Lukas Mayer, MD
Kelly DM, Li L, Rothwell PM, and on behalf of the Oxford Vascular Study. Etiological Subtypes of Transient Ischemic Attack and Ischemic Stroke in Chronic Kidney Disease: Population-Based Study. Stroke. 2020;51:2786–2794.
The increased cardiovascular risk of patients with chronic kidney disease (CKD) has been acknowledged for quite some time. Consequently, incidence of cerebrovascular events in CKD cohorts has routinely been assessed. Interestingly however, studies focusing on the incidence of CKD in ischemic stroke cohorts or the possible relationship between CKD and ischemic stroke etiology are scarce.
Through their analysis of patients with cerebral ischemia within the population-based OXVASC study, Kelly and co-authors present a detailed look into stroke etiology in subjects with CKD. The ongoing OXVASC study currently envelopes more than 90,000 individuals, of which 3,178 suffered ischemic stroke/TIA (N=2.696) or intracerebral hemorrhage (N=209). Kelly et al. used the TOAST classification, which denotes five subtypes of cerebral ischemia (cardioembolism, large artery disease, small vessel disease, unknown, other etiology), and tried to establish a possible linkage of specific stroke subtypes and chronic kidney disease, which the study team defined as eGFR ≤60mL/min/1.73m2 being evident 3 months or longer.
Focusing on subjects with cerebral ischemia, a total of 1197 (~40%) had chronically reduced kidney function. During group comparison, TOAST subtypes differed significantly, as “cardioembolism” and “unknown” were more likely in patients with CKD and “small vessel disease” and “other” in those with normal kidney function. But, after adjusting for age, sex and hypertension in uni- and multivariate regression, the risk association between evidence of CKD and TOAST subtypes proved to be non-significant. In detailed analyses, younger subjects (i.e., <65 y.o.) with CKD had a higher risk of ischemia being caused by cardioembolic events.
Conclusively, the authors state that no clear independent positive association between CKD and specific TOAST subcategories in ischemic stroke can be defined. Therefore, Kelly et al. suggest that renal-specific risk factors are unlikely to play a role in etiologic manifestation of cerebral ischemia.

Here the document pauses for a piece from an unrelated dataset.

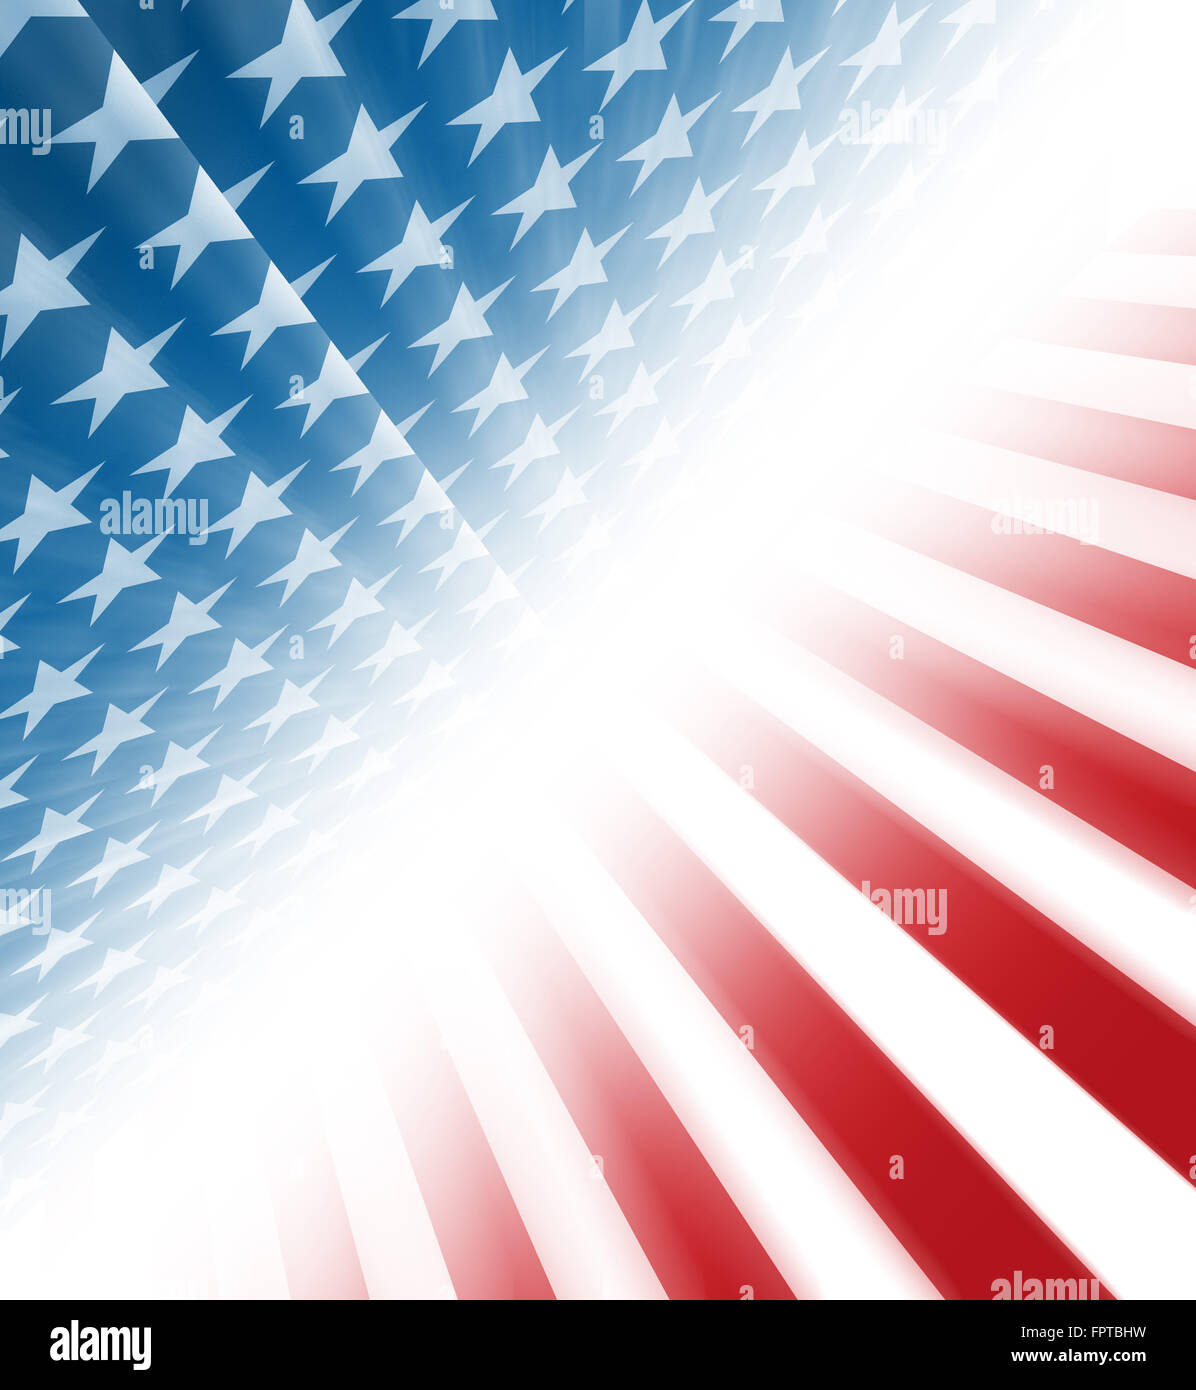 American stars and stripes coming from a perspective on a diagonal Stock Photo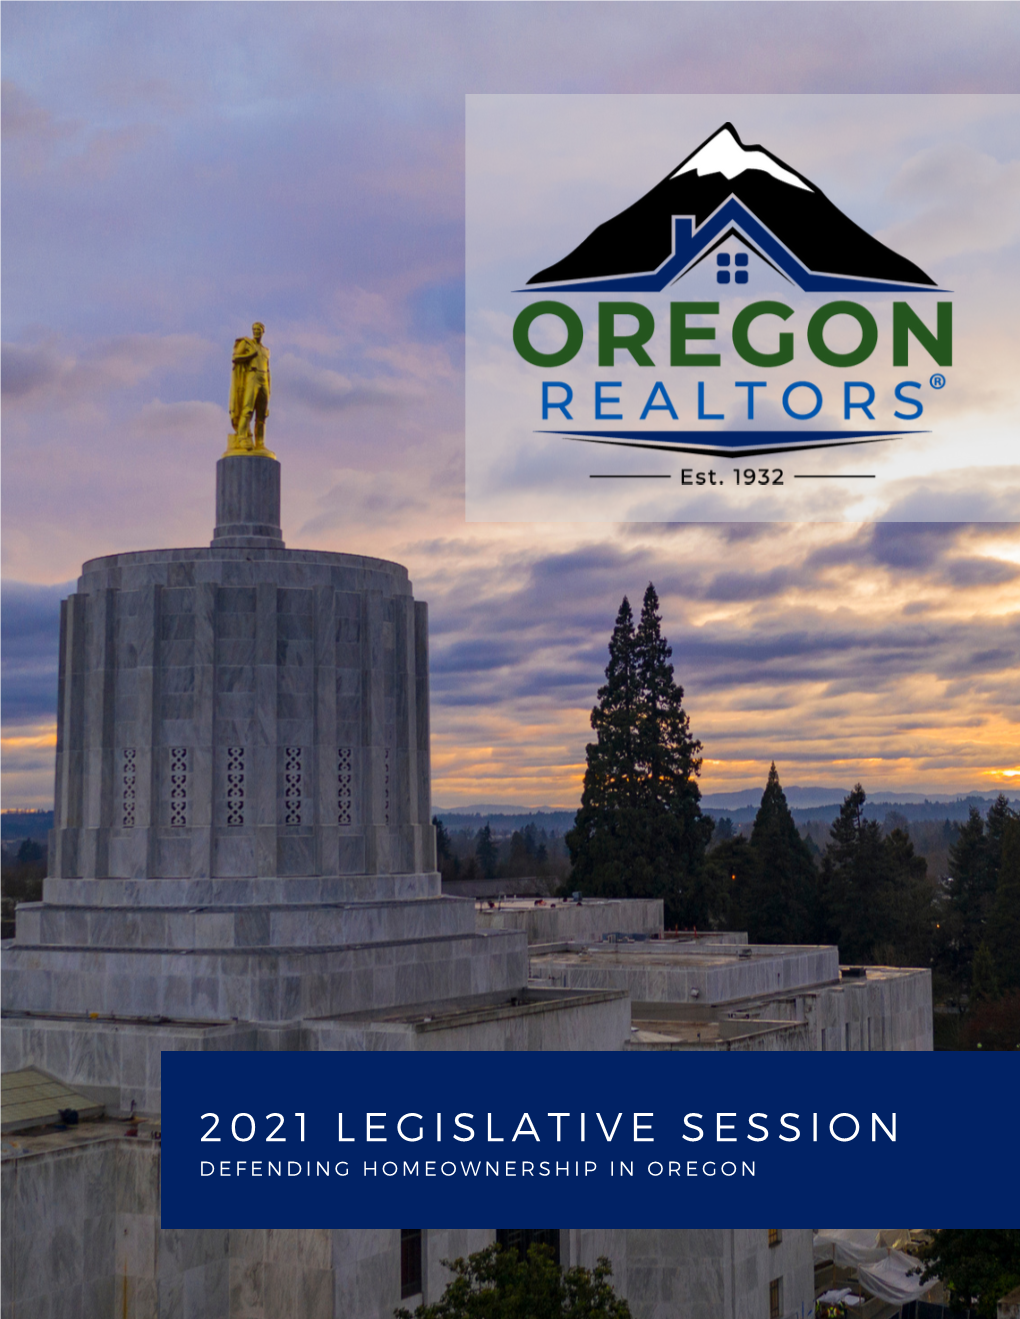 2021 Legislative Session the Legislature Passed This Bill with REALTORS® Support, Which Makes RON Permanent in Certain Circumstances

Though excellently executed, some limitations have to be mentioned. On average, patients’ age was higher than the validated threshold for accurate interpretation of eGFR measures. It would have been rewarding to add albuminuria to fully document KADIGO categories of renal dysfunction to accurately depict CKD, especially in older individuals. Further, even though TOAST is the most widely used method of etiologic ischemic stroke categorization, it would have been interesting to involve a more detailed system of classification (i.e., the Causative Classification of Stroke System). Lastly, it would have been intriguing to depict how many of the cardioembolic strokes in younger individuals were attributed to atrial fibrillation, as an association between CKD and atrial fibrillation has been postulated.
In summary, this study emphasizes an often under-recognized, highly prevalent and important risk factor in cerebrovascular disease. Further analysis of the link between CKD and ischemic stroke is justified because CKD is very common not only in patients with cerebrovascular ischemia, but also because of the limitations it imposes on secondary prevention.